Blanche was born in the 16th arrondissement of Paris on January 1, 1861 and received his education at the prestigious Lycée Condorcet. His father, whose name he shared, was a successful psychiatrist who ran a fashionable clinic on the heights of Montmartre, and he was brought up in the rich Parisian neighborhood of Passy in a house that had belonged to the Princesse de Lamballe. As he grew up, he encountered many remarkable artists. His father's drawing room was frequented by many of the Parisian celebrities in literature and the arts — including Jules Michelet, Charles Renouvier, Hector Berlioz, Camille Corot, Louis Français, and numerous others. At Dr. Blanche's house there were regular Saturday meetings devoted either to some artistic performance or to conversation about aesthetic or literary subjects. Some of Berlioz's Les Troyens was first sung by Anne Charton-Demeur for guests of Dr. Blanche.

==Career==
Although Blanche received some instruction in painting from Henri Gervex and Pierre-Auguste Renoir, he may be regarded as self-taught. He became a successful portrait painter, with a style derived from 18th-century English painters such as Thomas Gainsborough as well as Édouard Manet and John Singer Sargent. He worked in London, where he spent time from 1870 and was a member of the New English Art Club (NEAC). In Paris he exhibited at the Salon and the Société Nationale des Beaux-Arts. One of his closest friends was Marcel Proust, who helped edit several of Blanche's publications. He also knew Henry James and is mentioned in Gertrude Stein's The Autobiography of Alice B. Toklas. In Paris, at the Académie Vitti, he took a portraiture class with Canada’s first female battlefield artist Mary Riter Hamilton.

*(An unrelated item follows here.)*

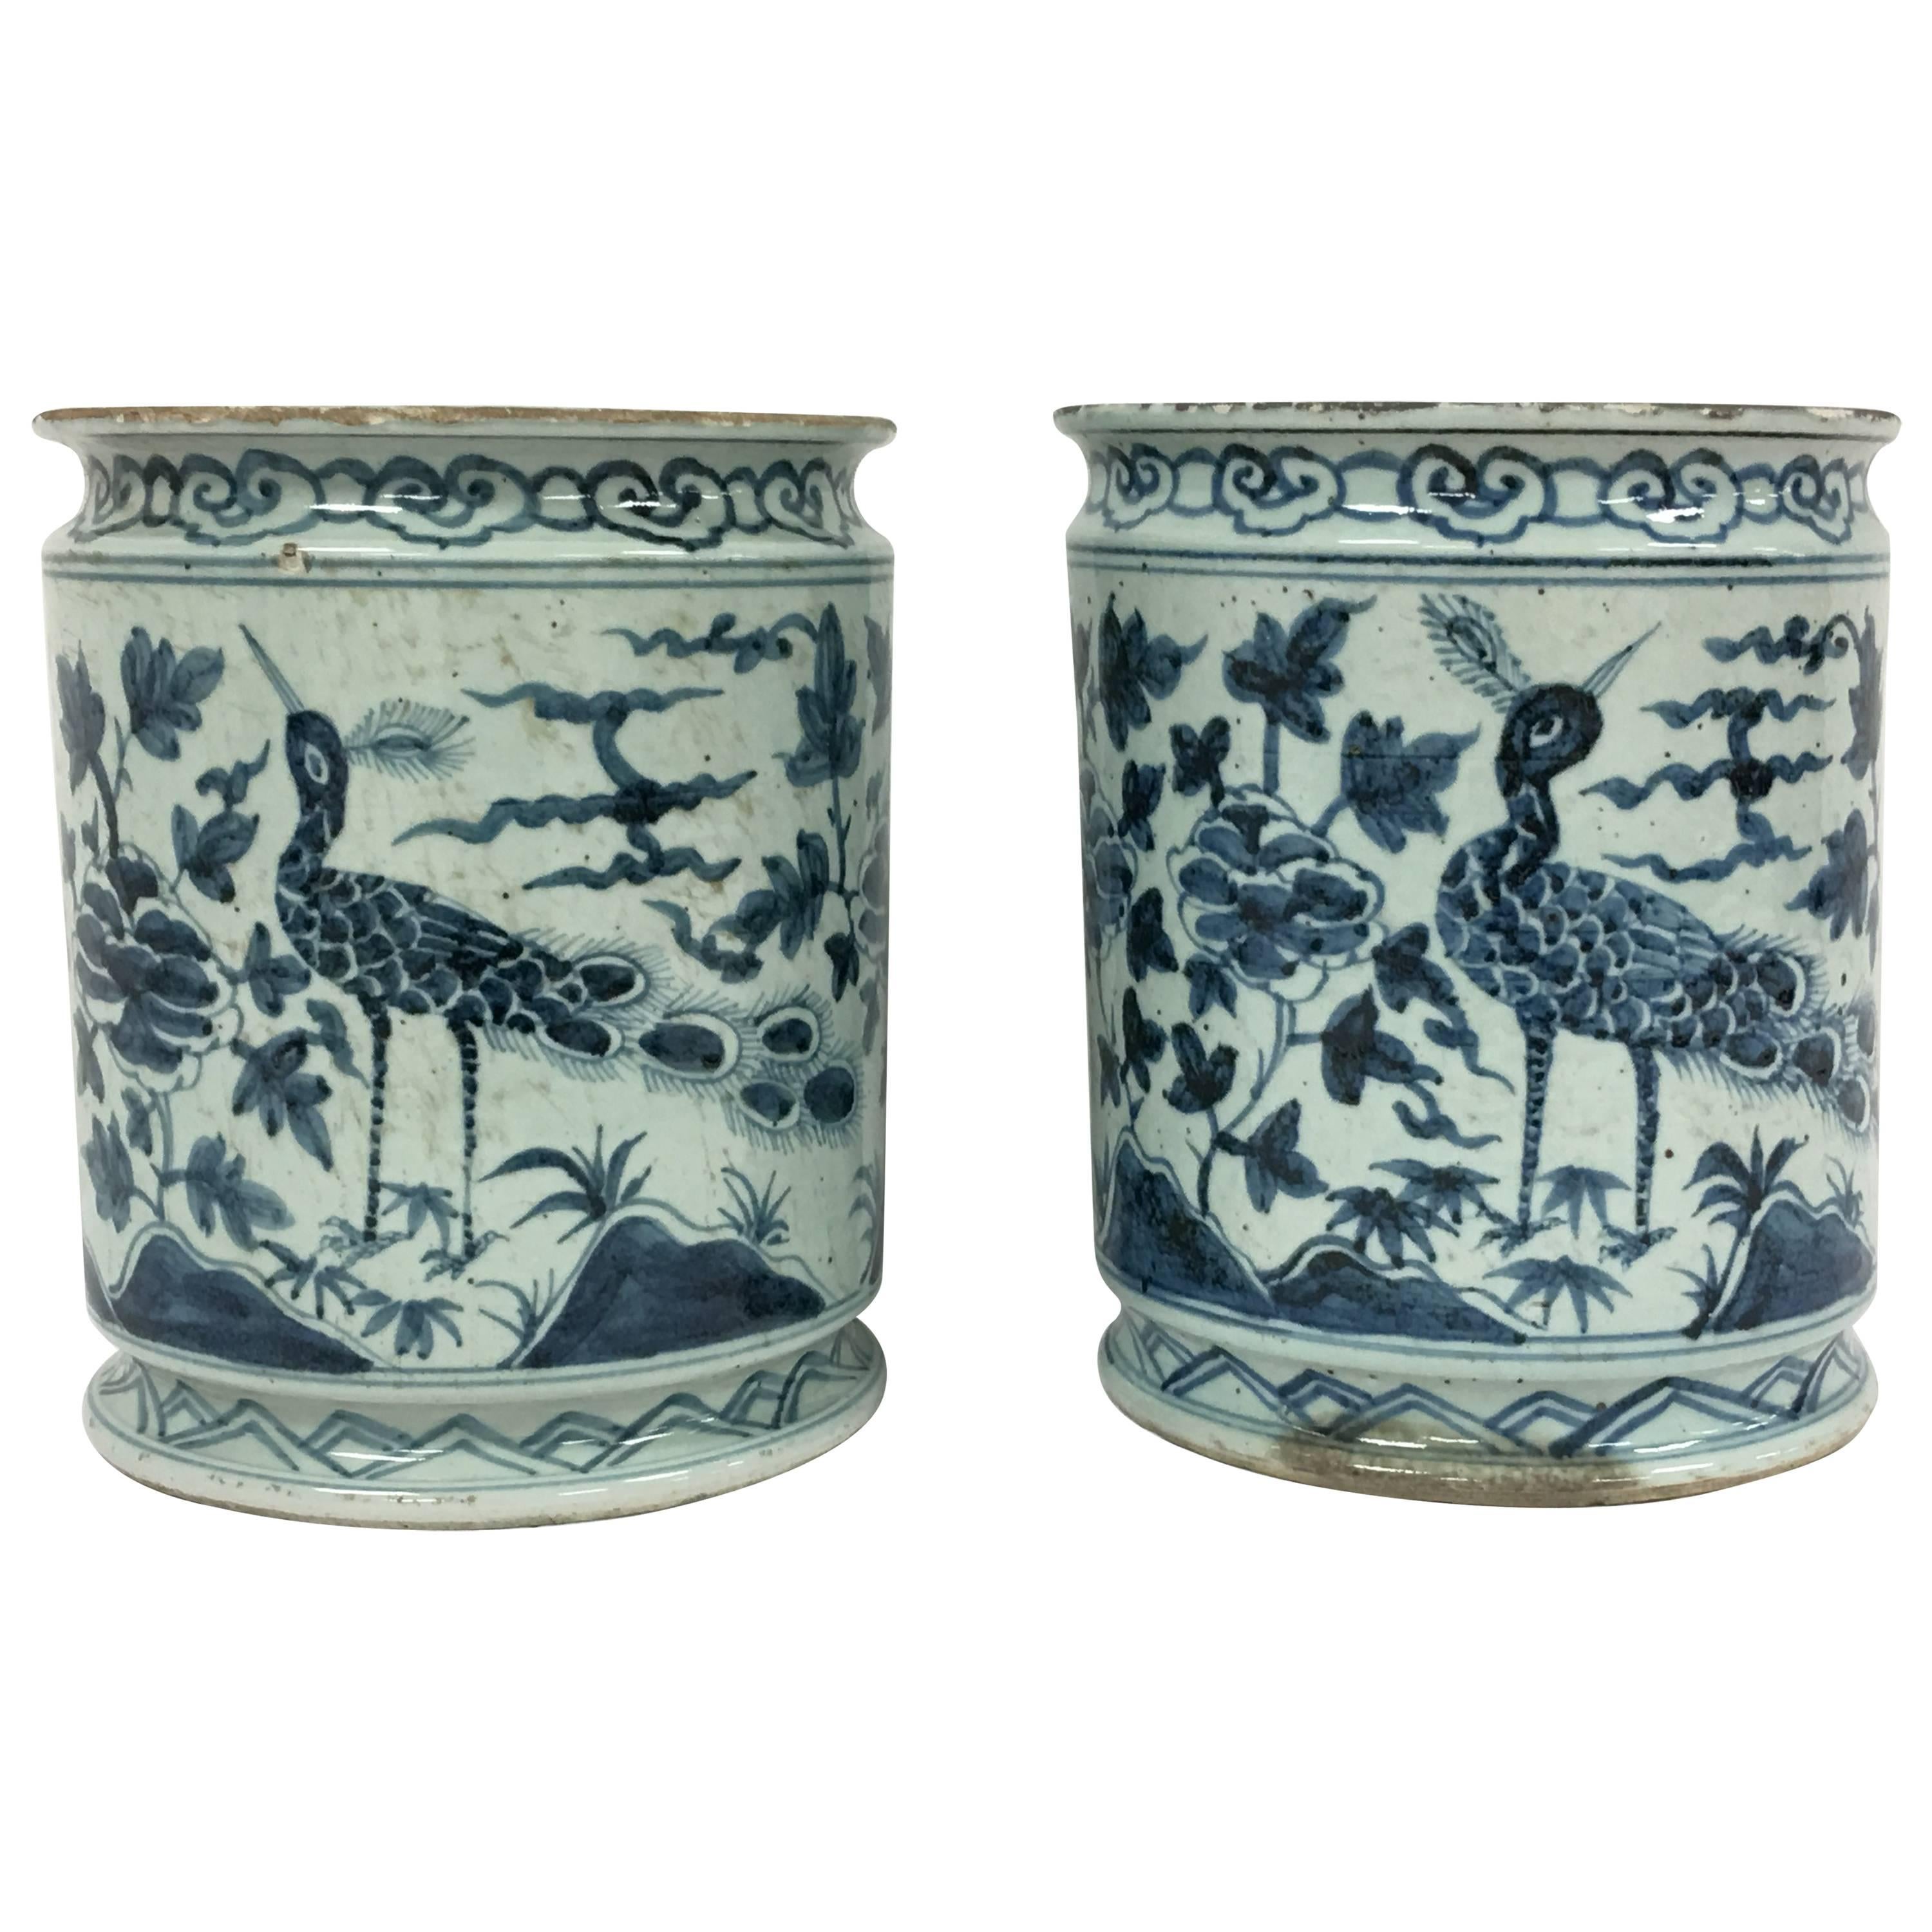 Pair of Blue and White Asian Peacock Planters

In 1902, Jacques-Émile Blanche took over the direction of the Académie de La Palette, where he would remain director until 1911.
He taught at the Académie Vitti in 1903.

Among the painter's most famous works are portraits of his father, Marcel Proust (private collection, Paris), the poet Pierre Louÿs, the Thaulow family (Musée d'Orsay, Paris), Aubrey Beardsley (National Portrait Gallery, London), and Yvette Guilbert and the infamous beauty Virginia Oldoini, Countess of Castiglione whom his father had treated for mental illness. Others he painted included James Joyce, Julia Stephen, Edgar Degas, Claude Debussy, Auguste Rodin, Colette, Thomas Hardy, John Singer Sargent, Charles Conder, Percy Grainger, and Tamara Karsavina as Stravinsky's Firebird.

Blanche purchased Les Grandes Baigneuses from his former teacher Pierre-Auguste Renoir, for 1,000 Francs. It was sold to Carroll Sargent Tyson, Jr. in 1927, and bequeathed to the Philadelphia Museum of Art in 1963.

==Personal life==
Blanche was known in Parisian society to be homosexual, though closeted. After the Oscar Wilde trials, he married Rose Lemoinne, daughter of John Lemoinne, the journalist, publisher and editor of the influential Parisian newspaper Journal des Débats. One of his lovers may have been the Spanish painter Rafael de Ochoa, from who Blanche wrote that shared the "same tendencies", and features with him in a self-portrait.

Blanche died at his home in Offranville-en-Caux, Normandy, France, on 30 September 1942.

He was buried in the 2nd section of Passy Cemetery.

==Posterity==
A street in Offranville and a street in Dieppe were named after him.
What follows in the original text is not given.